TVU Transcriber doesn’t require any new hardware, and customers are charged only for the time that the system actually provides captions. Shen says the effective cost works out to about 50 cents per minute.
“That’s why it’s so convenient for the customer,” Shen says. “They drop it in and it just works.”
A new entrant in the automated captioning market, Ericsson subsidiary Red Bee Media, comes from the traditional captioning world. The U.K.-based firm manages playout, captioning and other services for the BBC, along with other major international broadcasters, and captions some 200,000 hours a year. About half of that is live captioning performed by respeakers using ASR software.
Red Bee has been using ASR for about 15 years, and the results are very good, says Tom Wootton, head of access services product for Red Bee Media. But ASR alone hasn’t been good enough to provide true accessiblity to hearing-impaired viewers, until recently.
“What we’re seeing now over the past two to three years is a big increase in compute power and machine learning capability,” Wootton says.
Those improvements have changed Red Bee’s thinking about ASR. The company has now developed its own fully automated product, ARC (Automatic Realtime Captioning), which it is aiming at new markets including U.S. broadcasters and budget-conscious broadcasters everywhere.
ARC is sold in a Software as a Service (SaaS) model, with customers paying based on usage. If a human-driven caption service might cost around $75 dollars per hour on the low-end, Wootton says, the automated product will likely cost half of that.

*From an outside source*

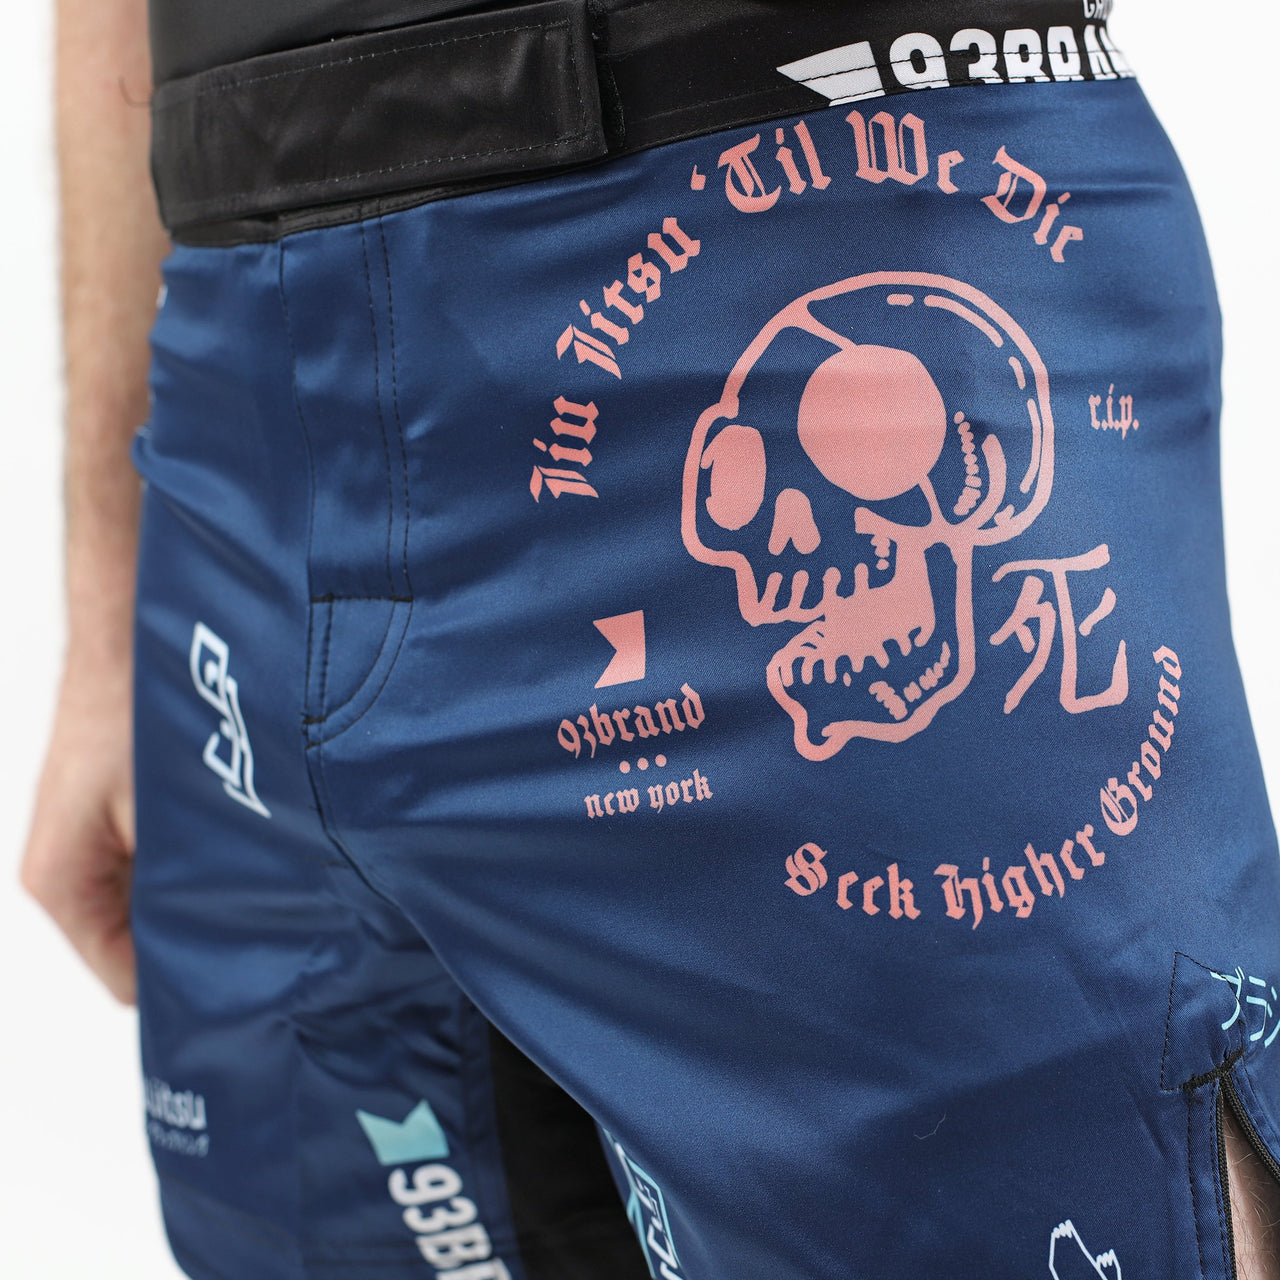 93brand "Splatter V2" Navy Blue Shorts (Regular Length)
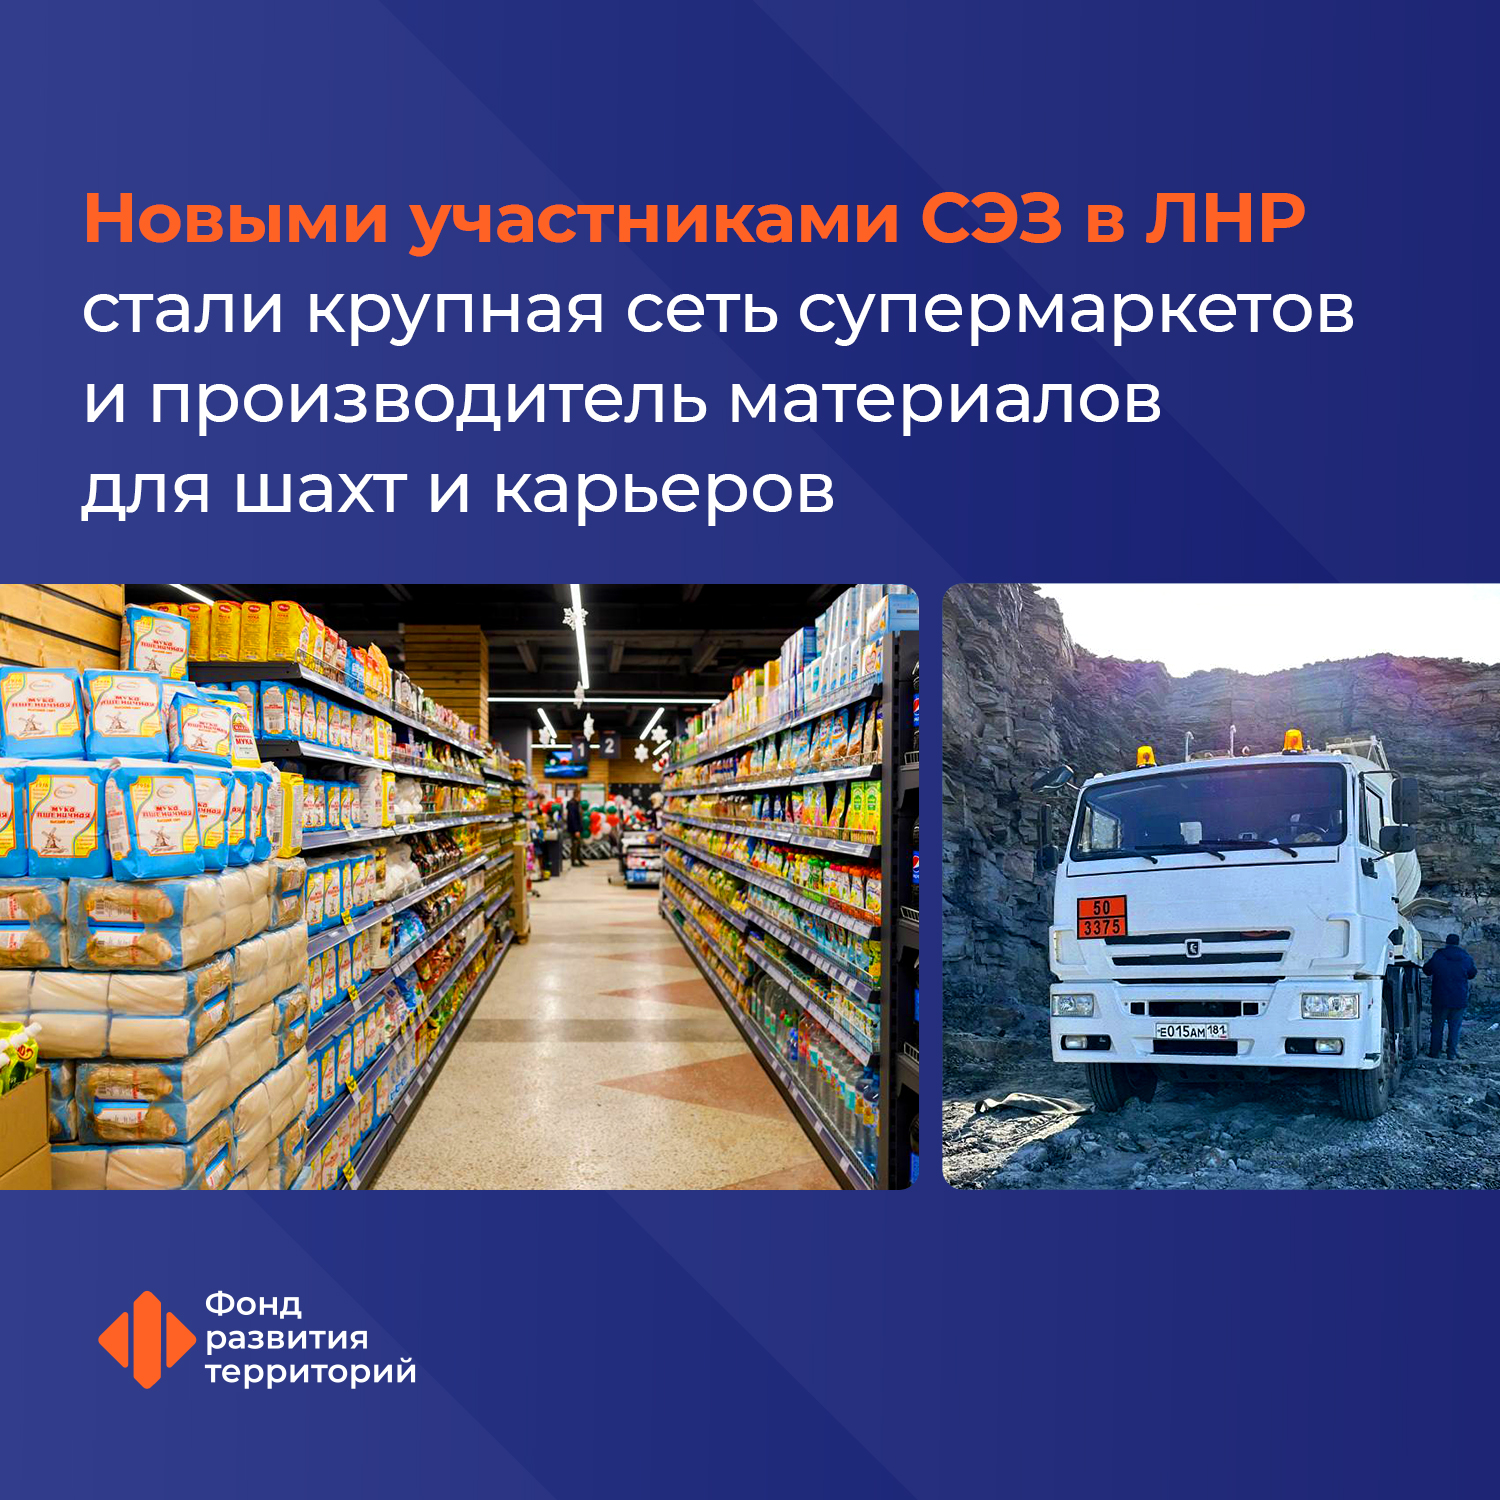 Новыми участниками СЭЗ в ЛНР стали крупная сеть супермаркетов и производитель материалов для шахт и карьеров

“Our pitch will be that we want to halve your accessibility bill,” Wootton says. “That’s how we approach it.”
Red Bee Media had already moved the processing of its captioning services to the AWS cloud before COVID-19 hit. That made shifting to remote workflows relative straightforward when lockdowns hit the U.S., Europe and Australia, and all of its captioners are now working from home.
Having all of Red Bee’s captioning services on the cloud also makes for an easy link between the legacy services and its new automated product. Red Bee can use its experienced captioners to help train the ARC system to recognize important words, such as local street names or topical words like COVID-19. Big improvements in quality for automated captioning can be achieved by using captioners to “seed” the system with a vocabulary curated for particular shows, Wootton says. That helps the ASR software recognize the difference between “lettuce” and “let us” in a cooking show, for example.
“What we do is apply a light operational layer to the automation to raise the quality bar,” Wootton says. “We’re finding the automation and traditional services are actually synergistic and come together quite nicely.”